Charlotte Endemann an ihren Mann Harald, vermutlich 4.3.1945
[Original verlorengegangen]
den 4.3.44
Mein lieber Mann!
Das Schießen von der Front ist näher gerückt; gestern sprach der Wehrmachtbericht von südöstlich Hürtgen, das wäre bei Nideggen. Wie Köln rangenommen wird, kannst Du aus dem beiliegenden Artikel sehen. Von Partei wegen wird jetzt gewünscht, dass Frauen und Kinder weggehen.
Bitte,bitte, sieh zu, dass Du Urlaub bekommst, um uns wegzuhelfen. Ich kann das allein nicht.
Wir vermuten alle, dass der große Stoß doch in Richtung Köln gehen wird, denn so, wie die Stadt bombardiert wurde, ist noch nie eine bombardiert worden. Man (die Bevölkerung) denkt sogar an Luftlandungen im Raume Köln. Auf jeden Fall wird sich hier in der nächsten Zeit doch wohl mehr tun, als man vorher angenommen hat.
Ich muss Dich zur Hilfe hier haben, denn ich kann das mit fünf Kindern nicht allein. Es ist so viel noch zu regeln vorher, besonders Geschäftliches,oder soll ich alles liegen lassen? Und wo soll ich hin? Die Transporte gehen alle nach Halle-Merseburg, eine mir sehr unsympathische Ecke wegen der vielen Industrie. Kann ich nach Steinhude? In Merseburg werde ich wohl auch nur in einer Scheune unterkommen. Oder besteht in Hessen die Möglichkeit von zwei Zimmern? Es hängt so viel mit dem Fortgehen in Frage, das nur Du regeln kannst. Du musst kommen.Den Behörden hier wächst der Kram über den Kopf, man muss sich selber helfen, und da brauche ich Dich. Ob unsere Flüchtlinge heute wegkommen? Es ist der vierte Tag, dass sie auf den Abtransport warten. Die Züge werden immer wieder von der Wehrmacht beschlagnahmt, heute wird versucht, ob von Königswinter aus ein Zug geht. Wenn Du kommst, musst Du sehen,über Siegen zu kommen, evtl. mit jedem Auto weiterfahren. Alle Wehrmachtwagen sind angewiesen, jeglichen , auch Zivilpersonen, mitzunehmen, weil das hier die einzige Art der Weiterbeförderung ist. Du musst Dir dann in jeder Stadt einen neuen Wagen Richtung Heimat kapern. Und uns vielleicht so mitnehmen. Deine Lotti
Eben wollte ich Frau Engels anrufen. Sie ist schon weg und hat ihre Wohnung Thomas B.. (unleserlich) zur Verfügung gestellt. ...(Unleserlich)
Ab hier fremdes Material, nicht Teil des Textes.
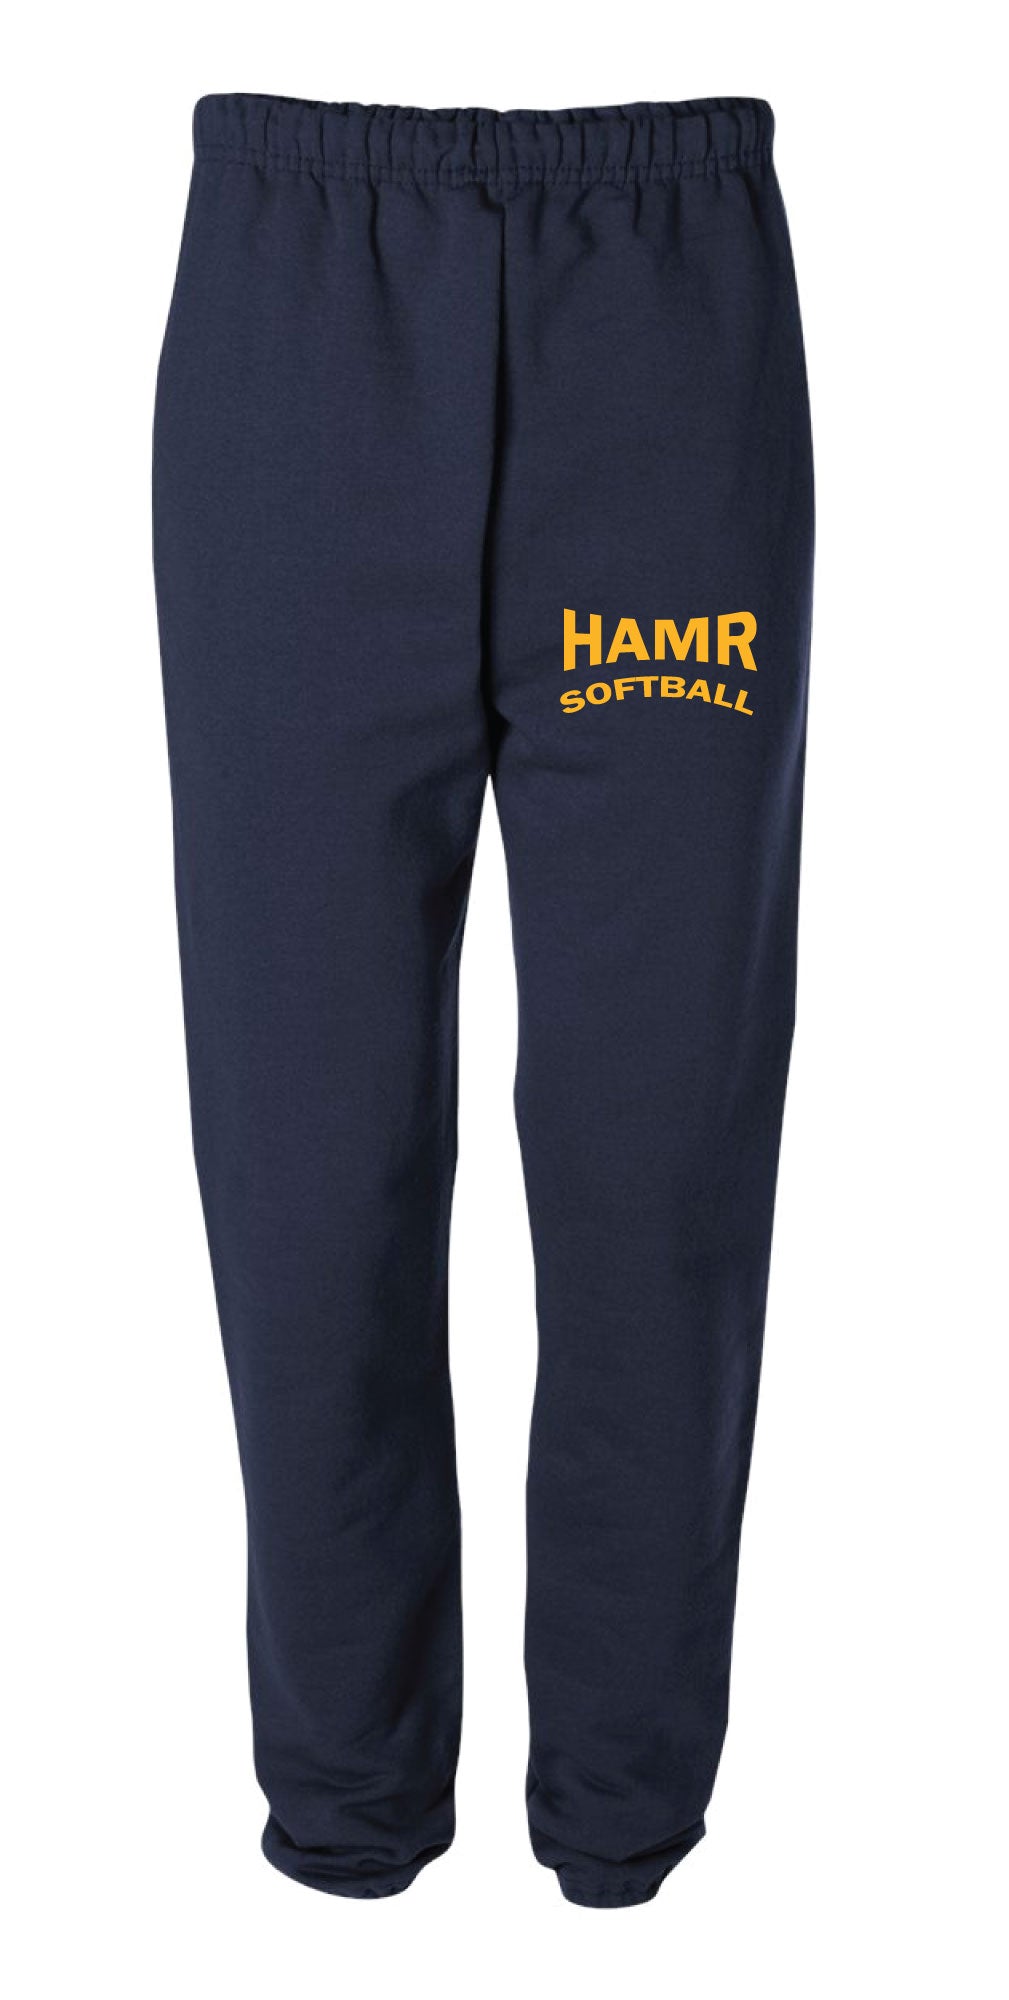 HAMR Softball Cotton Sweatpants - Navy - 5KounT2018

Der Gedanke ist entsetzlich wegzumüssen, aber ich glaube (Rest fehlt)
Von Helga blieb jede Nachricht aus, erst durch Ursel, die irgendwann eintraf, kam die Nachricht, dass Helga im Marburger Klinikum liege: Leukämie. Helgas Zustand verschlimmerte sich schnell. Lotti schaffte unter abenteuerlichen Umständen einen oder zwei Besuche in Marburg. Ebenfalls unter abenteuerlichen Umständen wurde ein Rücktransport nach Godesberg organisiert. Eine Reihe von Bluttransfusionen vom entkräfteten Vater und anderen konnte das Sterben nur verzögern. Helga starb am 8. Oktober 1945.